Но и без этой строфы книга произвела на читающую публику сильное впечатление. О ней с огромной теплотой тут же в «Литгазете» отозвался Борис Слуцкий. Очень хорошую рецензию – её написал молодой стихотворец Владимир Приходько – дал и журнал «Знамя». На сборник также откликнулись в «Новом мире» (Лев Левицкий) и в газете «Литература и жизнь» (Ф. Фоломин).

В октябре 1961 года Шаламов, вдохновлённый успехами первого сборника, сдал в издательство «Советский писатель» рукопись второй книжки «Шелест листьев» (там её потом отрецензировали Е.Мильков и С.Трегуб). Одновременно он обратился практически во все московские литературные издания. Но далеко не везде ему распахнули объятья.

Особенно возмутило Шаламова отношение к нему в редакции «Литературной газеты». Там его подборку мариновали четыре месяца. Поэт вынужден был сказать об этом главреду «ЛГ» Валерию Косолапову. Тот изобразил удивление, сказал, что устроит отделу литературы взбучку, и пообещал ускорить дело с публикацией его стихов. Шаламов стал искать себя во всех последующих номерах газеты, а потом ему пришёл ответ за подписью Юрия Панкратова:

 

«Уважаемый товарищ Шаламов!

Среди присланного – лучшее «Старая Вологда». Есть в нём отчётливое настроение и слово, ёмкое и весомое:

 

Когда-то слишком пыльная,

Базарная, земная…

Когда-то слишком ссыльная

И слишком кружевная.

 

Другие стихи эскизного плана, правда «Шестой континент» тоже закончен, но строфы написаны неумелым стихом, порой даже косноязычны.

Присылайте что-либо ещё, быть может, получится удачнее» (РГАЛИ, ф. 2596, оп. 3, д. 371, л. 28).

 

Потом Шаламову отказали в публикации стихов в «Новом мире». Впрочем, в какой-то момент Шаламов отложил стихи в сторону. В двадцатых числах ноября 1962 года ему стало известно, что вышел «Новый мир» с повестью на лагерную тему незнакомого ему автора – Солженицына. Нельзя сказать, что эта повесть его сильно потрясла. Для Шаламова важным оказалось другое – что власть наконец разрешила говорить и писать о трагическом прошлом. А у него уже лежал в столе целый цикл лагерных рассказов (писатель в тайне работал над ним ещё с 1954 года).

27 ноября 1962 года Шаламов подал в издательство «Советский писатель» заявку на выпуск книги «Колымские рассказы» из тридцати трёх вещей. Издательское начальство, уже знавшее о том, что повесть Солженицына получила одобрение у самого руководителя страны – Хрущёва, тут же ухватилась за предложение писателя и быстро запустило редакционную машину. Рукопись Шаламова была немедленно передана на внутреннее рецензирование. На сей раз отзыв редакторы попросили написать не какого-нибудь случайного человека, а опытнейшего литератора Олега Волкова, который отсидел в лагерях двадцать семь лет.

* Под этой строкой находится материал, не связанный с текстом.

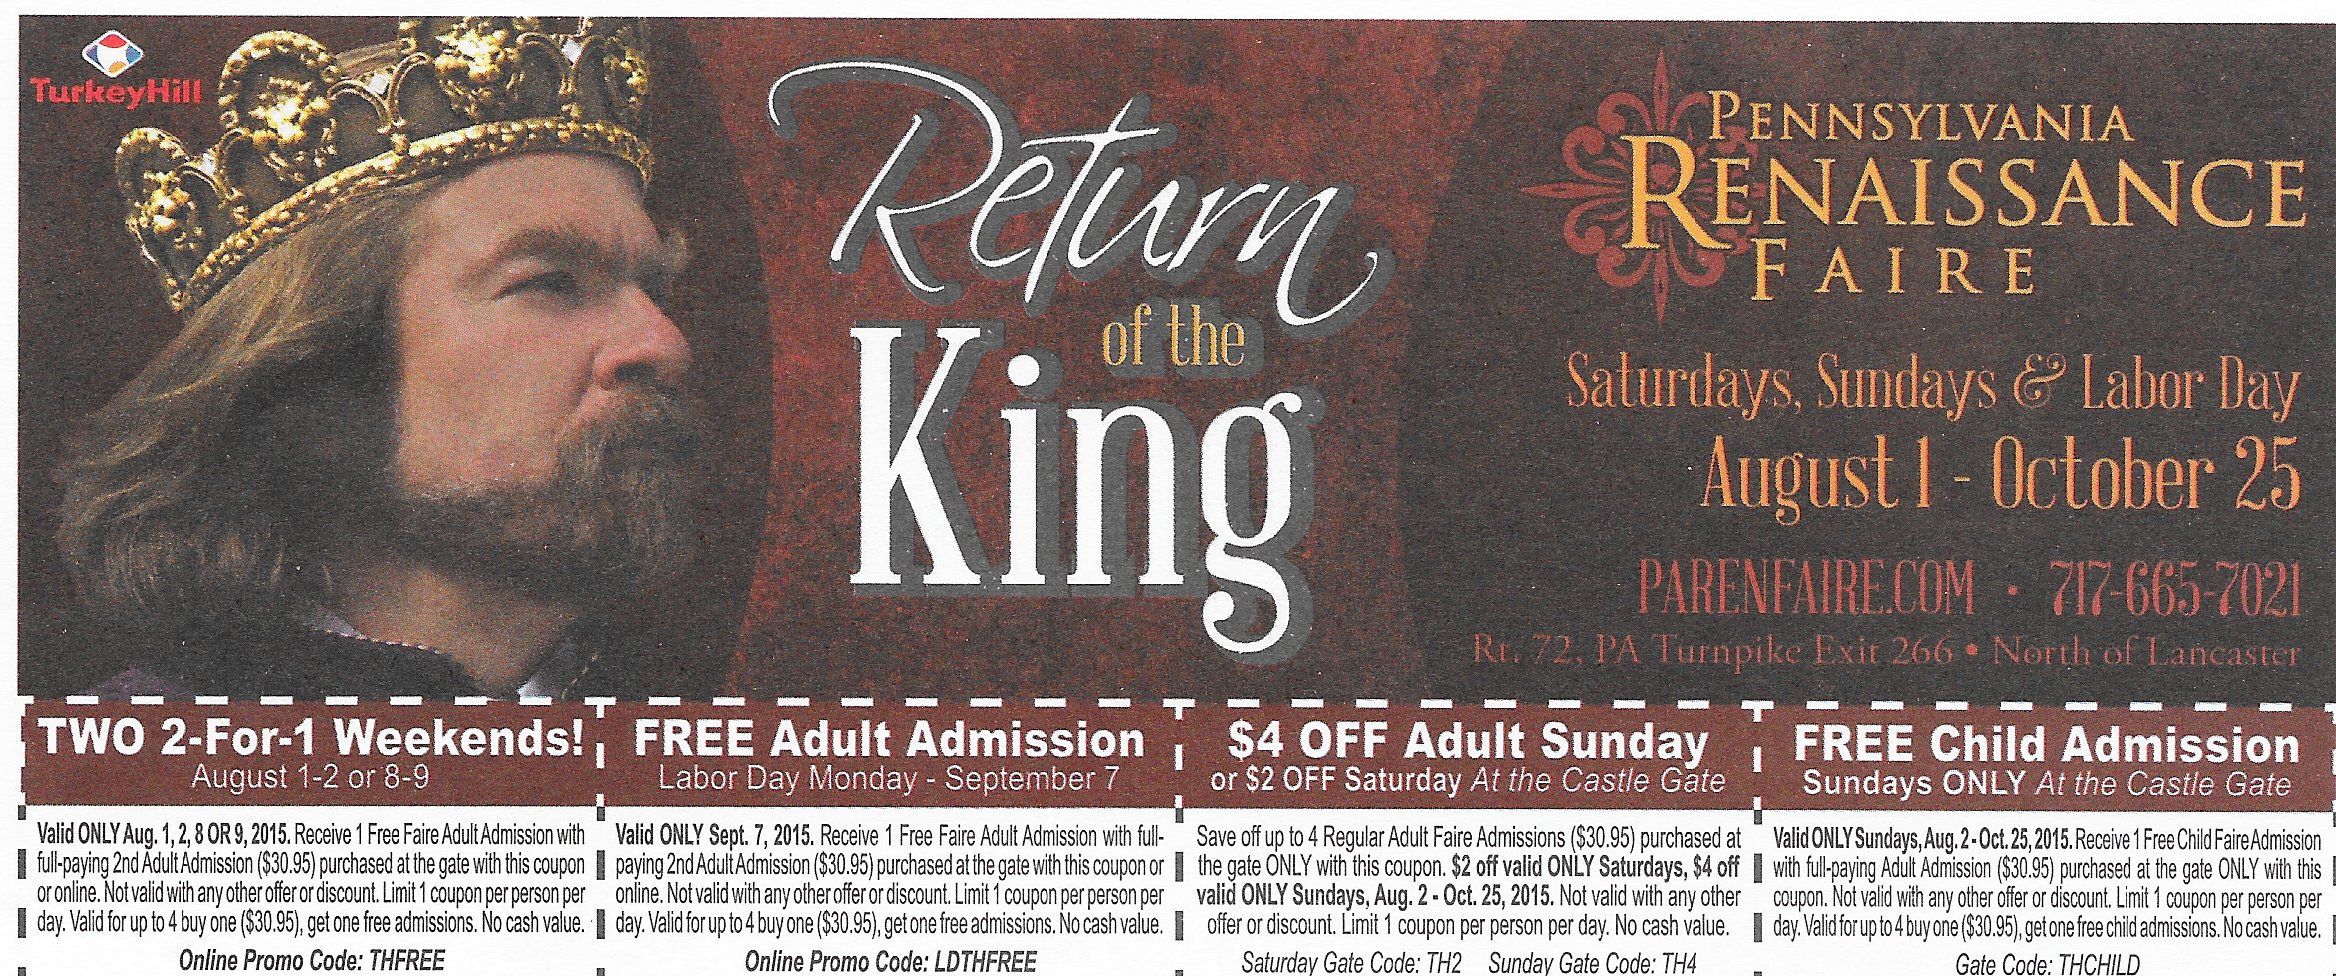 PA Renaissance Faire Save on Admission with Coupons SHIP SAVES

Я нашёл в РГАЛИ в фонде издательства «Советский писатель» обстоятельную – на девяти машинописных страницах – рецензию Волкова (ф. 1234, оп. 19, д. 1456, лл. 1–9). С чего она начиналась? С лёгкой критики повести Солженицына, о которой тогда судачила вся страна. Волков заявил, что Солженицын лишь скользнул по некоторым сторонам жизни в лагере, но мало в чём разобрался. По его мнению, проза Шаламова оказалась на несколько голов выше. Он считал, что колымским рассказам следовало дать зелёную улицу, немедленно издав их за счёт издательского резерва.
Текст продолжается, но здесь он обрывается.